War womöglich der Platz, den ich so häufig besuchte, tatsächlich immer ein anderer? Ausgesucht vom Wind, der die Samen über das Feld verstreute, während es mir vorkam, als befruchte sich das zierliche und doch übermächtige Pflänzchen immer selbst? Die verschiedenen Orte nur zusammengehalten und mir so vertraut wegen der Blütenpracht, die jeden einzelnen so zentral erscheinen ließ?
Dann jedoch muss ich sie finden, denn ich fand sie doch immer, zielsicher angezogen von ihrer Faszination.
So trete ich hektisch weiter abseits des Pfades durch die Gräser, knackend brechen dünne Halme unter meinen Schuhen und ich ziehe Runde um Runde durch das Feld, doch da blüht nichts. Nichts ist zu spüren, von diesem magischen Moment, das mich ehemals so sicher an den rechten Ort führte.
Ich trete auf den steinigen Pfad zurück, gebrochen zeugen Halme und Gräser von meiner verzweifelten Suche im Feld.
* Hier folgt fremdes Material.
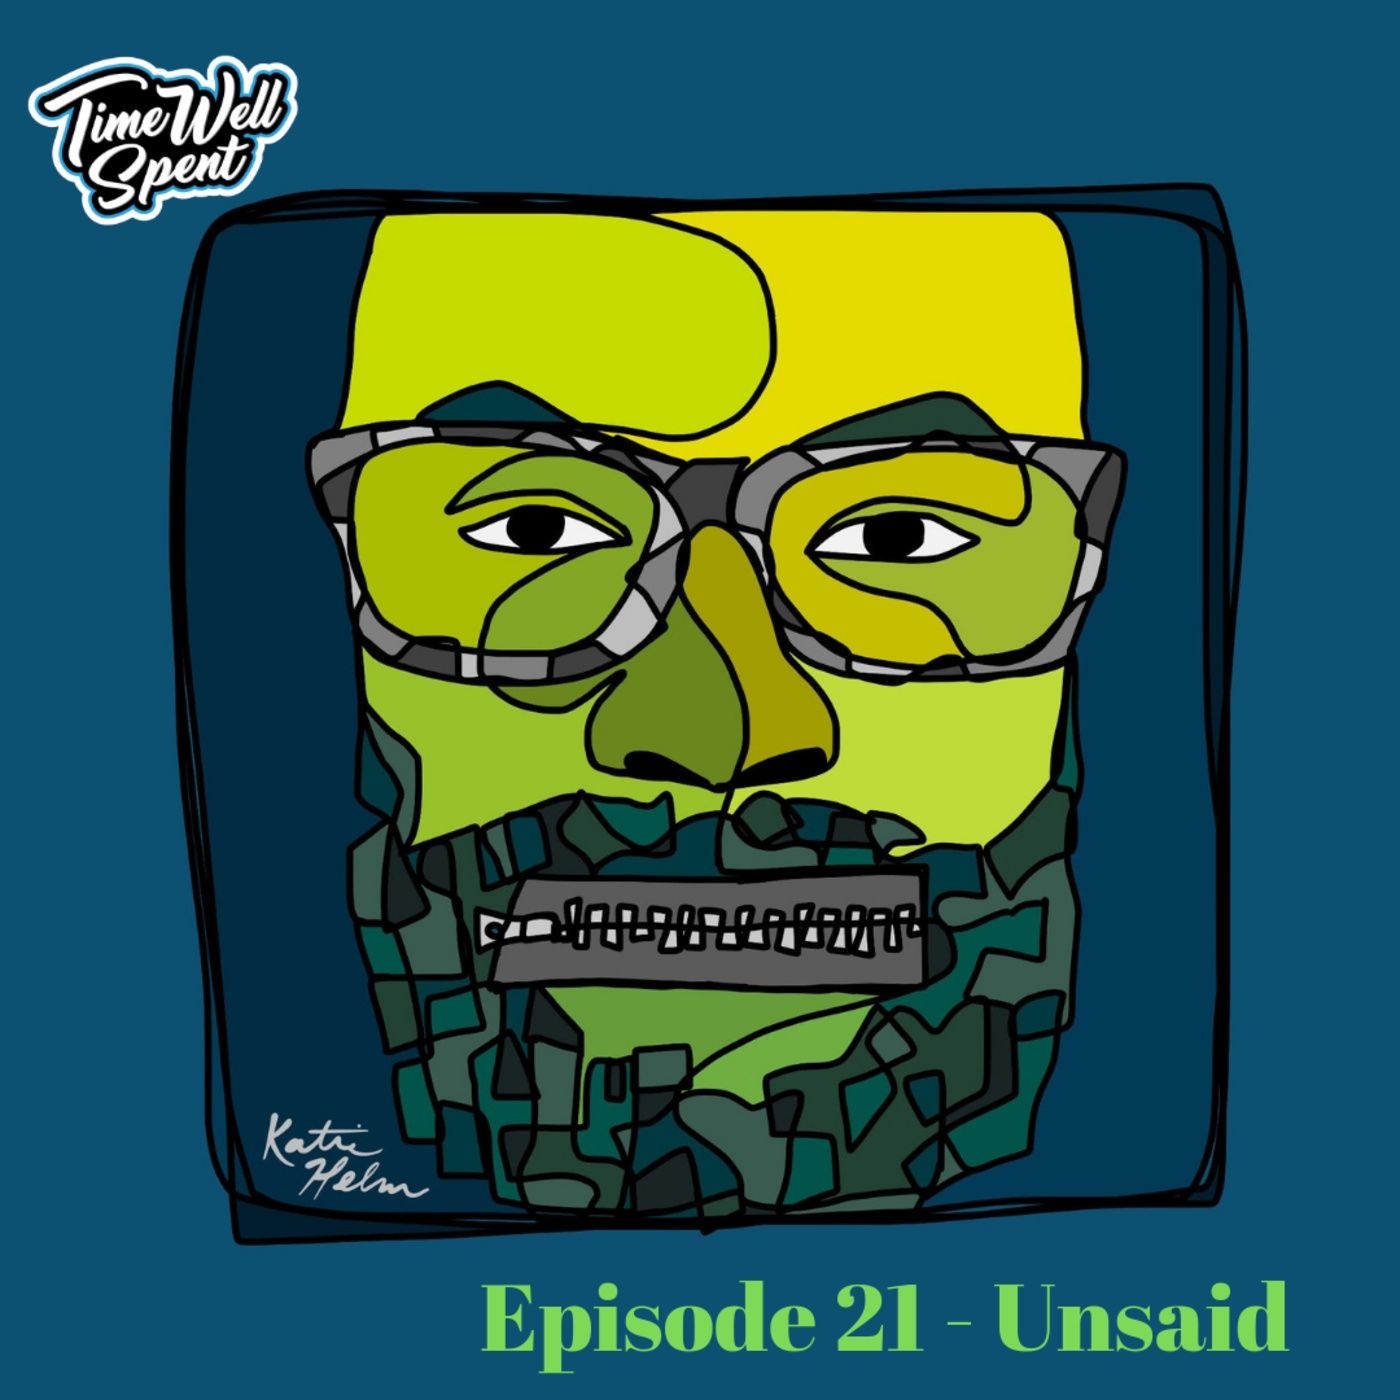 Episode 21 - Unsaid

Beim Blick über die Schulter liegt ein Platz brach und trostlos, der doch immer der natürlich zentrale Punkt dieses wilden Durcheinanders zu sein schien. In der Mitte steht der kahle Stiel und reckt seinen Stumpf gen Himmel.
Gebrochene Halme, zertretene Gräser und geknickte Farne liegen am Boden und verwischen zu einer Einheitsfarbe.
So treten sie hinter den schimmernden Farbtupfer zurück, der dazwischen hervorscheint. Aus der Einheitsfarbe sticht, scheinbar unübersehbar, eine Blume mit gesundem Stiel und schöner Blüte heraus, die jedoch mit ihren zarten Blättern so gar nicht gen Himmel strebt und sogar ihre leuchtenden Blüten schon zu verlieren scheint – zertreten liegt sie am Boden.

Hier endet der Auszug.